保険関連規制は、(1)付保規制、(2)保険料税、(3)現地での損害調査の可否、(4)保険金送金の可否―の4つに大別できます。今回はこれら保険関連規制について詳しく説明します。

1. 付保規制

付保規制は、GIPの最も基本的な問題です。その国で国外の保険会社による保険引受が可能か? それともその国の免許のある保険会社でなければ駄目か? 言い換えれば、日本企業が契約するGIPにおいて、その国の子会社を日本のマスターポリシーで補償していいか?ということです。

付保規制は国や地域によってさまざま。例えば、同じ中国でも、中国本土と香港ではルールが異なります。

長くイギリスの統治下にあり自由貿易の拠点であった香港には、付保規制となるルールはありませんが、中国には厳格な付保規制があります。日本企業が香港に有する法人や資産に関し、日本の保険会社との間で保険契約を締結することが可能です。香港の保険会社である必要はありません。しかし、日本企業が中国に有する法人や資産に関し、日本の保険会社との間で保険契約を締結することはできません。中国の保険会社と契約する必要があります。

世界各国で商品を製造販売する日本企業がPL保険を契約する場合、補償対象となる被保険者として中国の子会社を追加記入してしまえば、それが中国の法令違反になってしまうのです。

仮に中国で保険事故が発生した場合、中国政府に分からないように、日本の保険会社から日本本社に対して保険金を支払ってしまえばいいではないか、という荒っぽいことが過去実際に行われていたようですが、現在はその危険性がかなり認識されてきました。中国政府の方針によっては、保険会社だけでなく当該日本企業にも不利益がかかるからです。リスクを減らすために加入する保険によって、かえって別のリスクが生じてしまいます。

ヨーロッパの欧州経済領域(EEA : European Economic Area)では特例措置があります。

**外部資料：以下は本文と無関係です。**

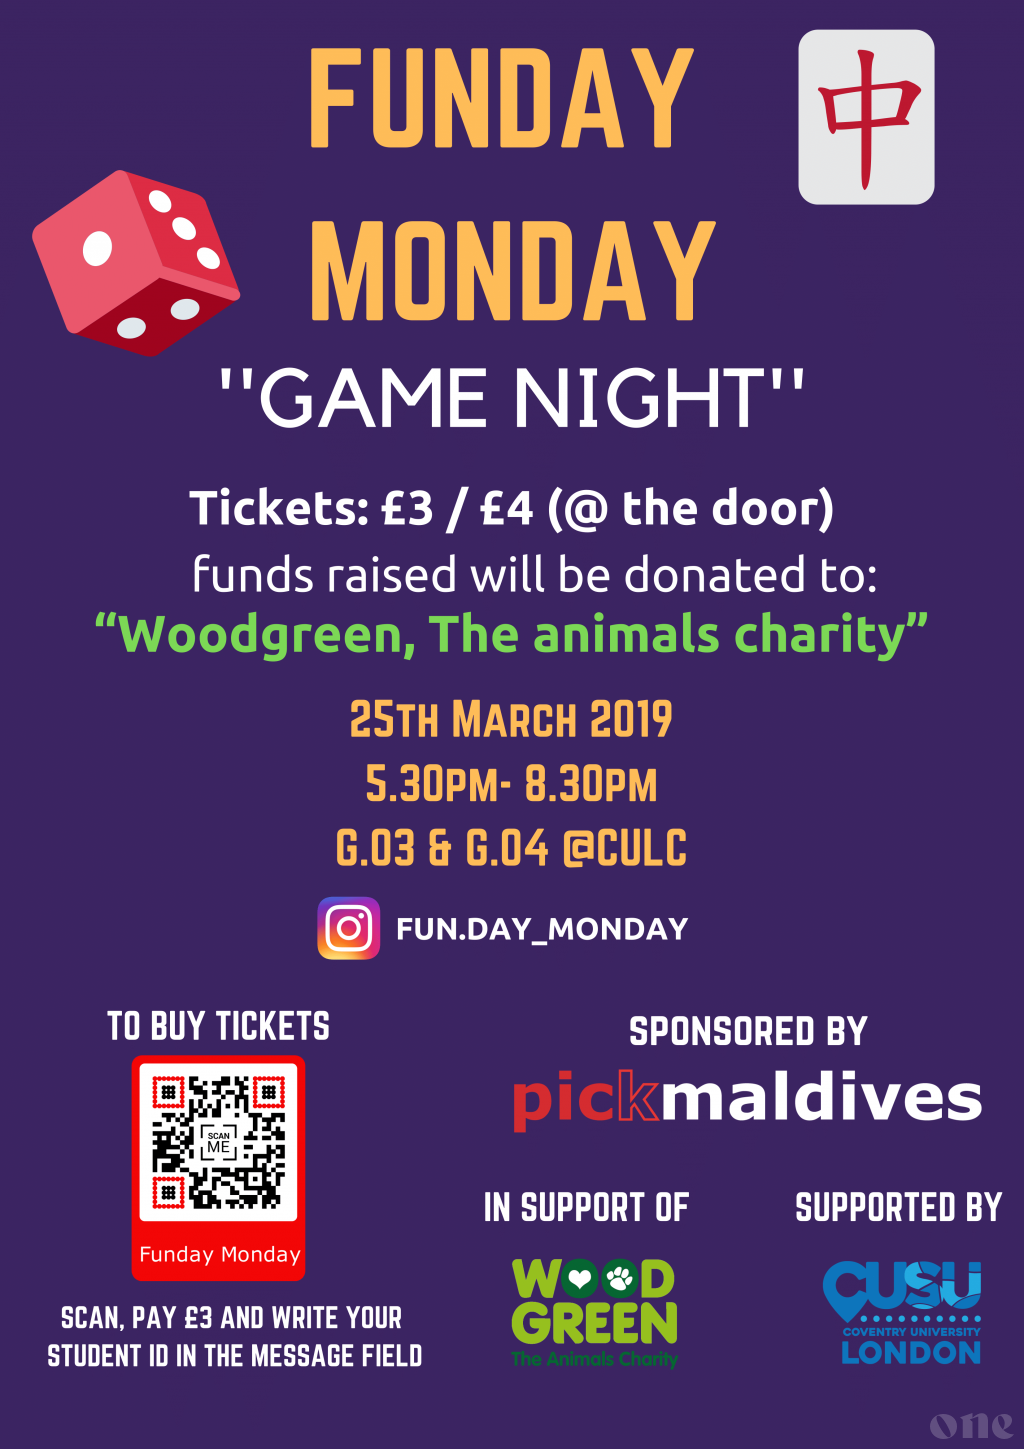 PICK MALDIVES sponsors 'Game Night' in London

EEAに加盟している国同士では自由な交易 (FoS:Freedom of Service) が認められるため、保険契約も国をまたいで締結できます。これを活用すれば、EEAのいずれかの国で発行する1本の保険証券(FoS Policy)でEEA内に点在する子会社を全て補償することができるのです。このFoS PolicyをGIPに組み入れることにより、効果的な運用が可能になります。